Monday, October 11, 2010

"But God" . . .

There was a biography written about my life many years ago. The opening words were rather bleak:

She was dead.

Ouch.  Not really how I thought this would start. Three words and the author has already sent chills down my spine.

Not because the author's words are hurtful, but because I know how true they are.

I was DEAD.

My eyes stopped on that one word and could not move past it.

DEAD.

When my mind was finally able to move on and read the next words, I realized that my condition actually can (and does get worse):

She was in sin.
Following the ways of the world.
Following the ways of the devil.
She was disobedient.
Gratifying her sinful desires.
Living in the lusts of her flesh.
She was led by those desires.
And she indulged in them.

Not only dead, but in spiritual BONDAGE to Satan, the ultimate enemy of God. (That makes me sick to my stomach.)

Dead and a slave to the devil, his ways and my sinful, disgusting lusts.

I read through that list and it breaks my heart.  How appalling.
Stephanie: an enemy of the living God.

And then the final description of the author's list.  It is if all of the other descriptors are just a warm-up to this final label:
She was an object of wrath.

I mourn over those words written about ME and my rebellious heart.
I am disgusted by it.  I hate it.  My story is about MY disobedience.  MY sin.

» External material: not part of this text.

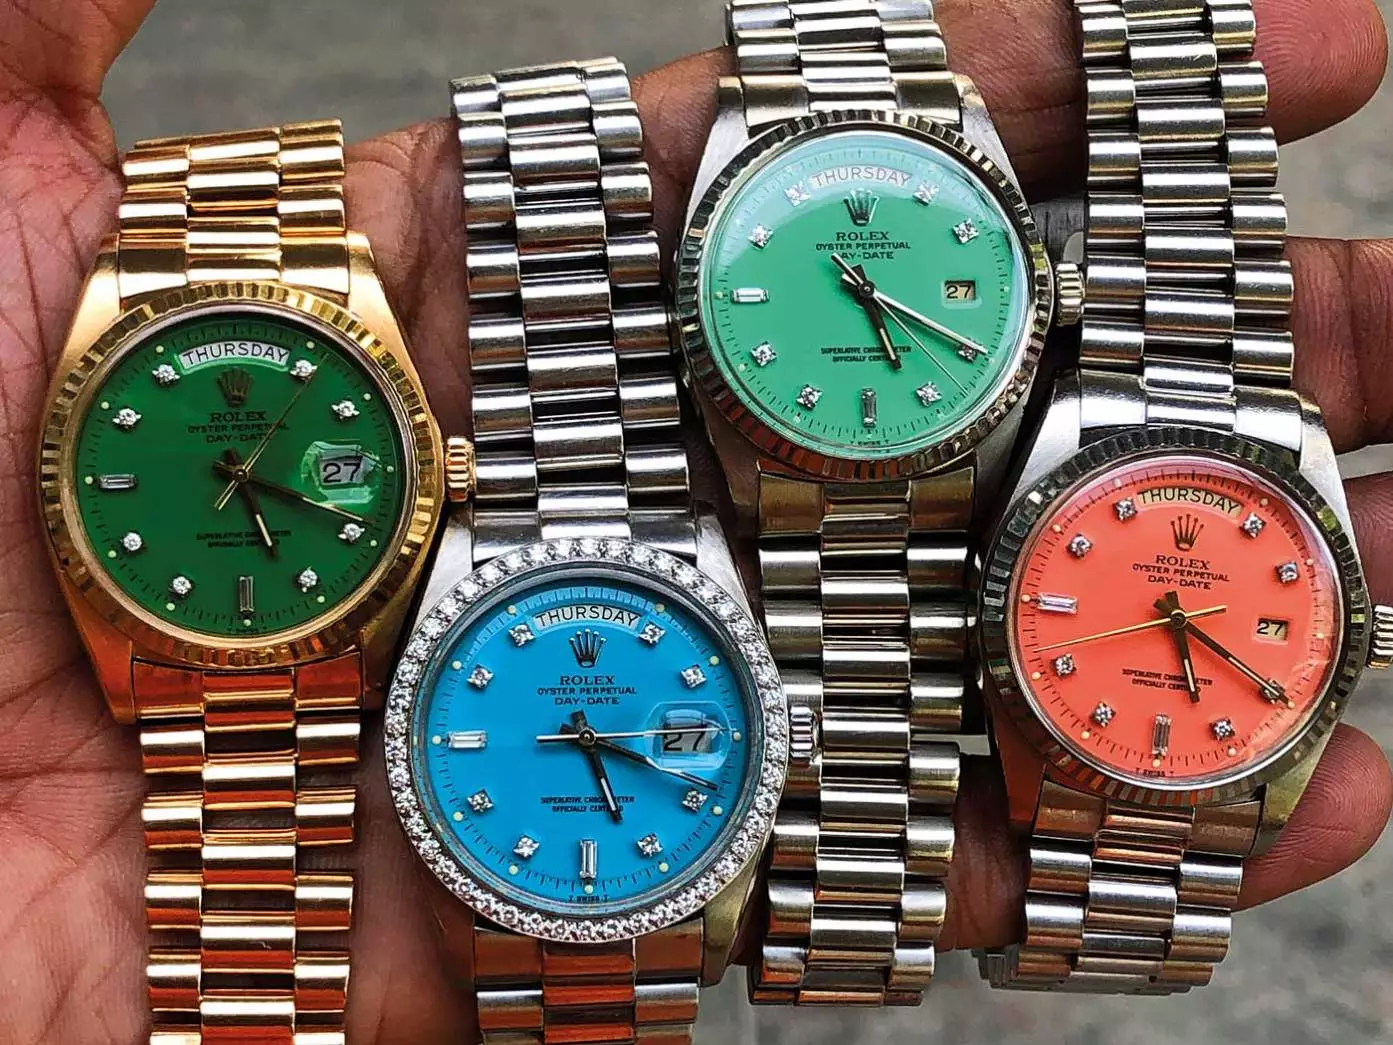 MENONTON YANG DIREKOMENDASIKAN: 3 alasan mengapa jam tangan sangat mahal - Jam Tangan Time and Tide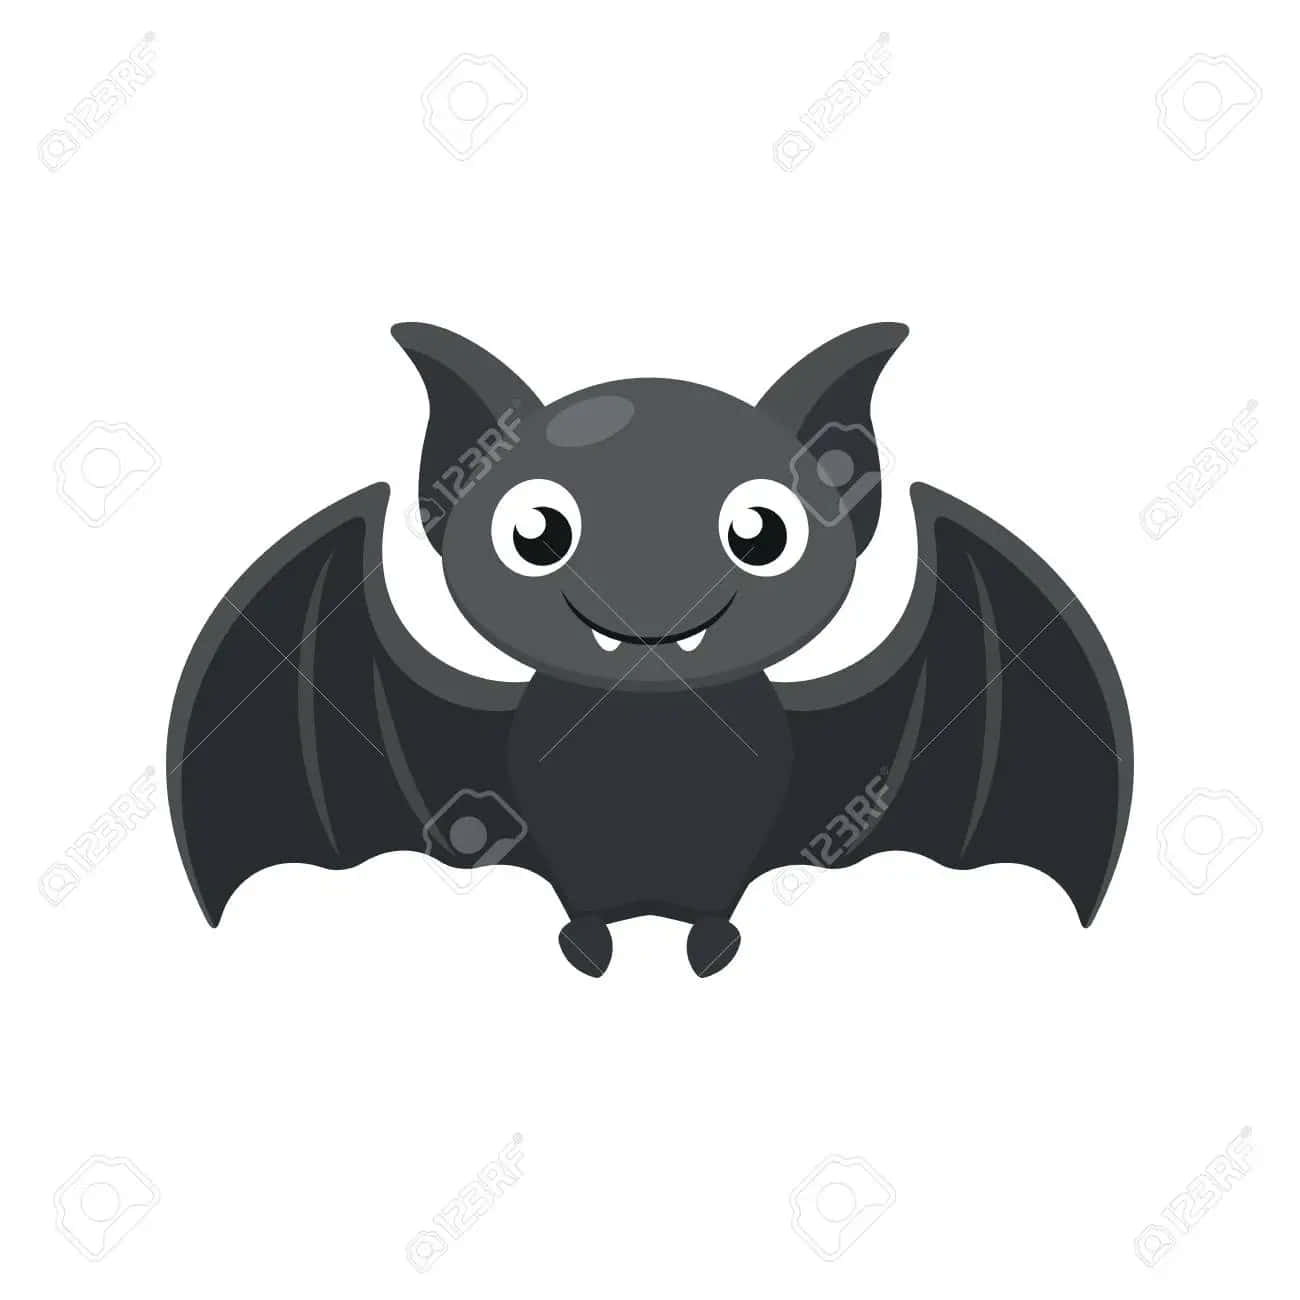 cute hanging bat cartoon

MY deadness. MY slavery to evil.
MY impeding judgment and wrath by the One whom I have offended.

And you know what? I read the words that tell me that I deserve God's ultimate punishment, and I agree.

Following the ways of the devil, living for my own sin and indulgences, an enemy of the living God: that deserves nothing short of the full wrath of God. I deserve God's anger, His punishment.

Anything less would be unjust.

And just as it seems this story's plot is too predictable, the author throws the biggest plot twist imaginable with two short words.

"But God,"

I don't deserve those two words of intervention; I deserve the wrath that I had coming, but thankfully I wasn't writing the story.

But God was.

Juxtaposed by the description of my sinfulness, is a written description of who God is (expressed through what He does):

But God, being rich in mercy, because of His great love with which He loved Stephanieeven when she was dead in our transgressions, made her alive together with Christ (by grace she has been saved).

The beautiful, undeserved, unearned intervention of a merciful God.

Has anything more beautiful ever been written? 

The story does not sugarcoat anything.  It is clear: I am AWFUL to my core. Completely depraved.

And how does God respond?

He ransoms me to Himself. Buys me with His Son's atoning blood. He saves me from the wrath that I rightly earned.

I deserved wrath.  I was given grace.

That--in and of itself--is so much more than I can comprehend.

The story continues.

But God . . . did more still:

HE raises Stephanie up with His Son- whom He so loves.

HE seats her WITH HIM in the heavenly realms.

HE shows her the riches of His grace that cannot be compared with anything else.

The author collectively calls these actions that were shown to me "a gift".  Now, this writer was the bomb--I'm not arguing that--but his word-choice seems so inadequate here. (But then again, how do you accurately describe something so powerful and incomprehensible?)

I am moved by those powerful words every time I read them.  They grip me and for days after I cannot shake them out of my thoughts. I was dead; He raised me. I was a slave to sin and the devil and now I'm a servant of Christ. I was an object of wrath; He saved me and made me an object of grace.

My story, like all others, began as one of sin and death . . .
but God transformed it into something inconceivable.

And for that, I am eternally gratefully.


And you were dead in your trespasses and sins, in which you formerly walked according to the course of this world, according to the prince of the power of the air, of the spirit that is now working in the sons of disobedience. Among them we too all formerly lived in the lusts of our flesh, indulging the desires of the flesh and of the mind, and were by nature children of wrath, even as the rest. But God, being rich in mercy, because of His great love with which He loved us, even when we were dead in our transgressions, made us alive together with Christ (by grace you have been saved), and raised us up with Him, and seated us with Him in the heavenly places in Christ Jesus, so that in the ages to come He might show the surpassing riches of His grace in kindness toward us in Christ Jesus. For by grace you have been saved through faith; and that not of yourselves, it is the gift of God; not as a result of works, so that no one may boast.